[[ PROVIDED DATA open ]]

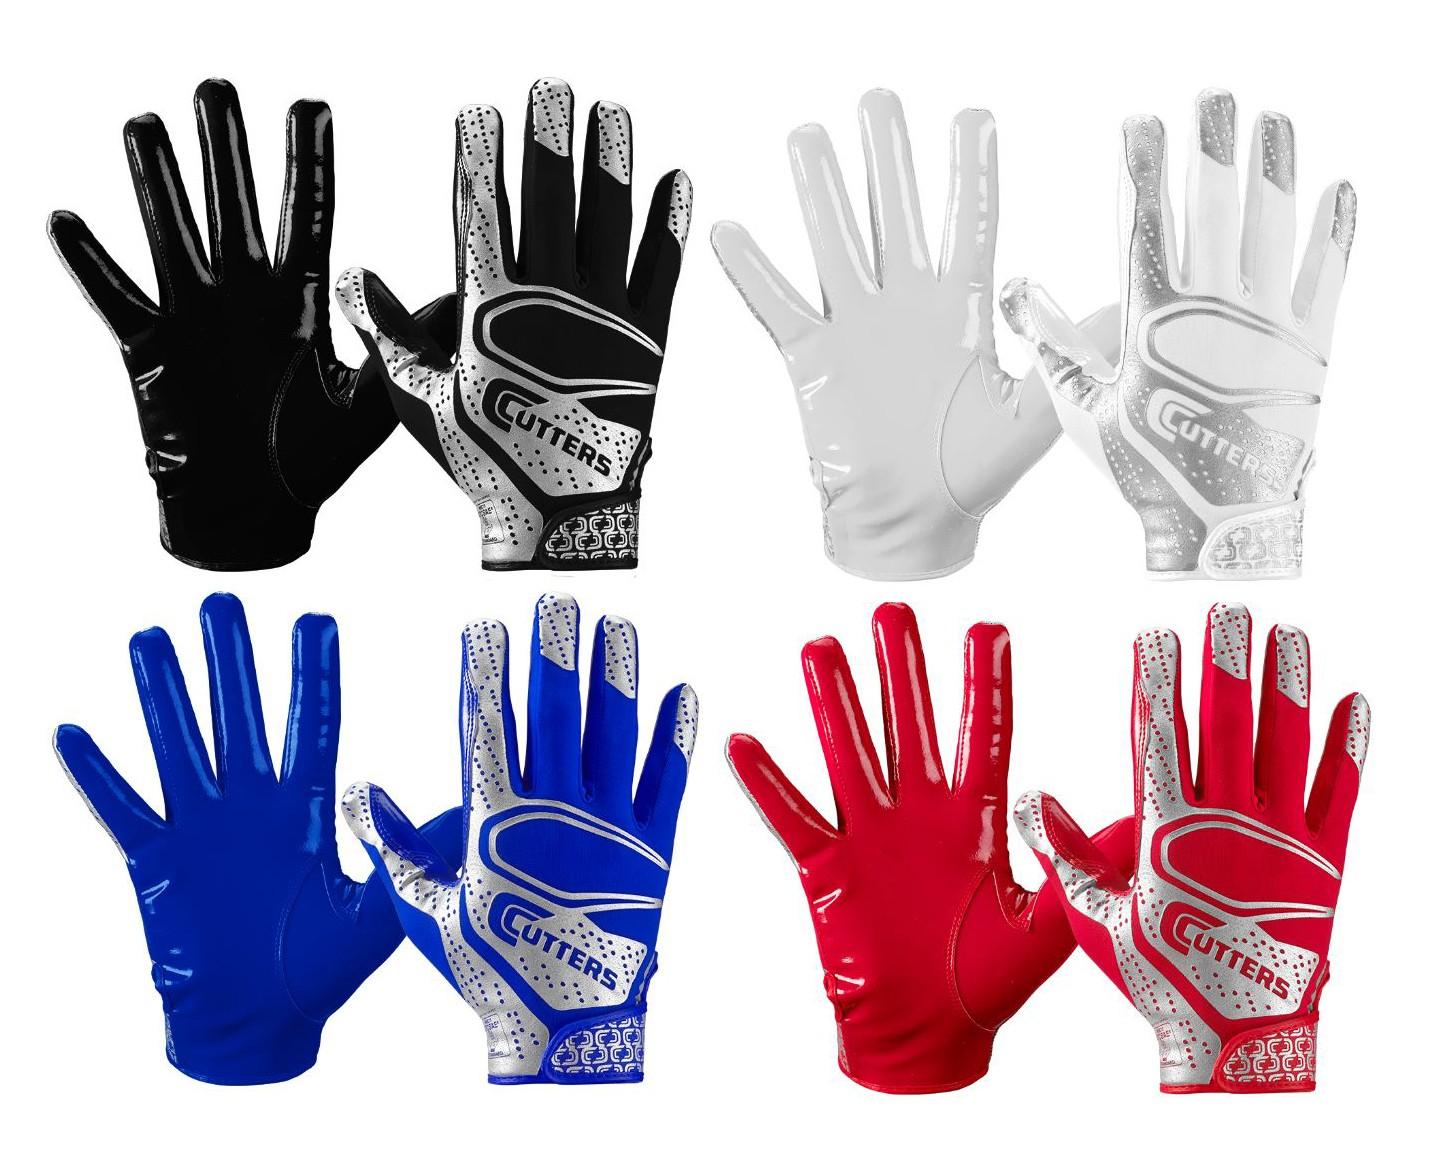 Gloves & Grip Enhancer
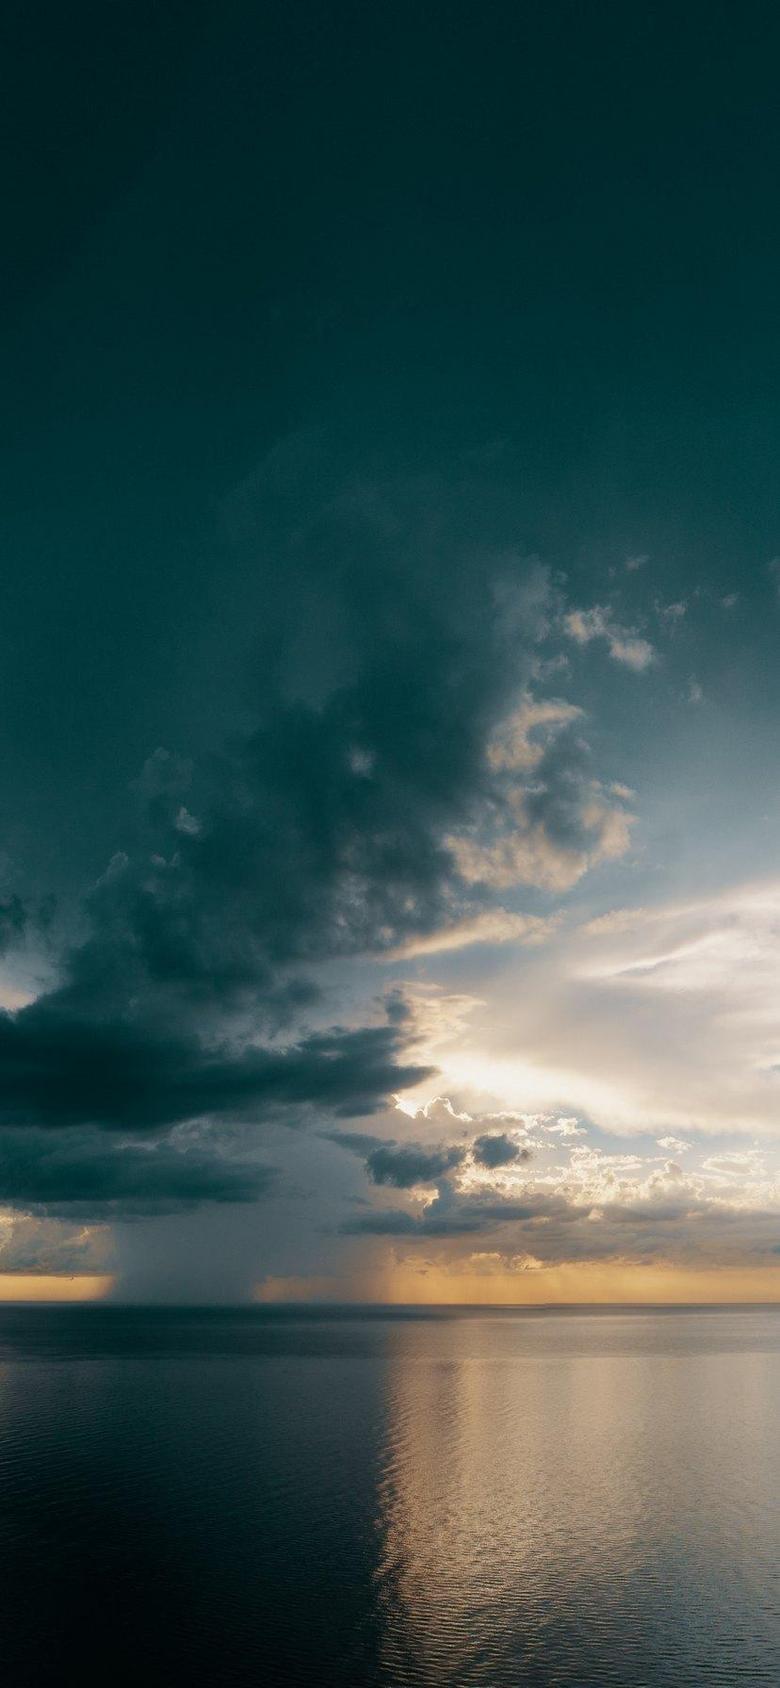 True Nature Calm Ocean in Sunset Wallpapers iPhone Xr 11
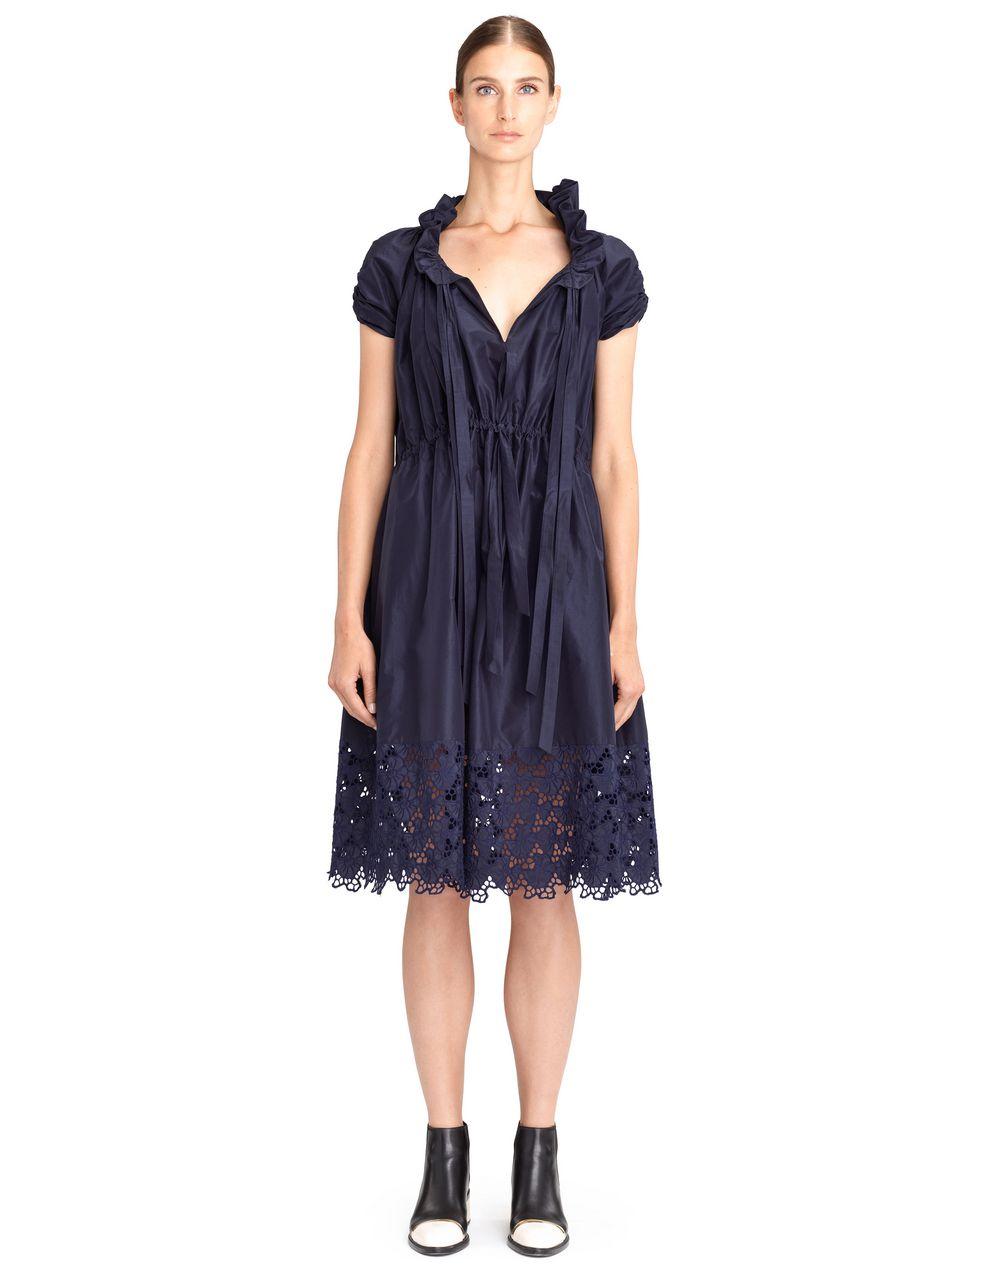 POPLIN EMBROIDERED DRESS - Lanvin

[[ PROVIDED DATA closed ]]

> WHAT THE TASK ASKS: In the copy, include no pictures, but repeat the listing exactly.

> TASK OUTPUT:
 Gloves & Grip Enhancer
 True Nature Calm Ocean in Sunset Wallpapers iPhone Xr 11
 POPLIN EMBROIDERED DRESS - Lanvin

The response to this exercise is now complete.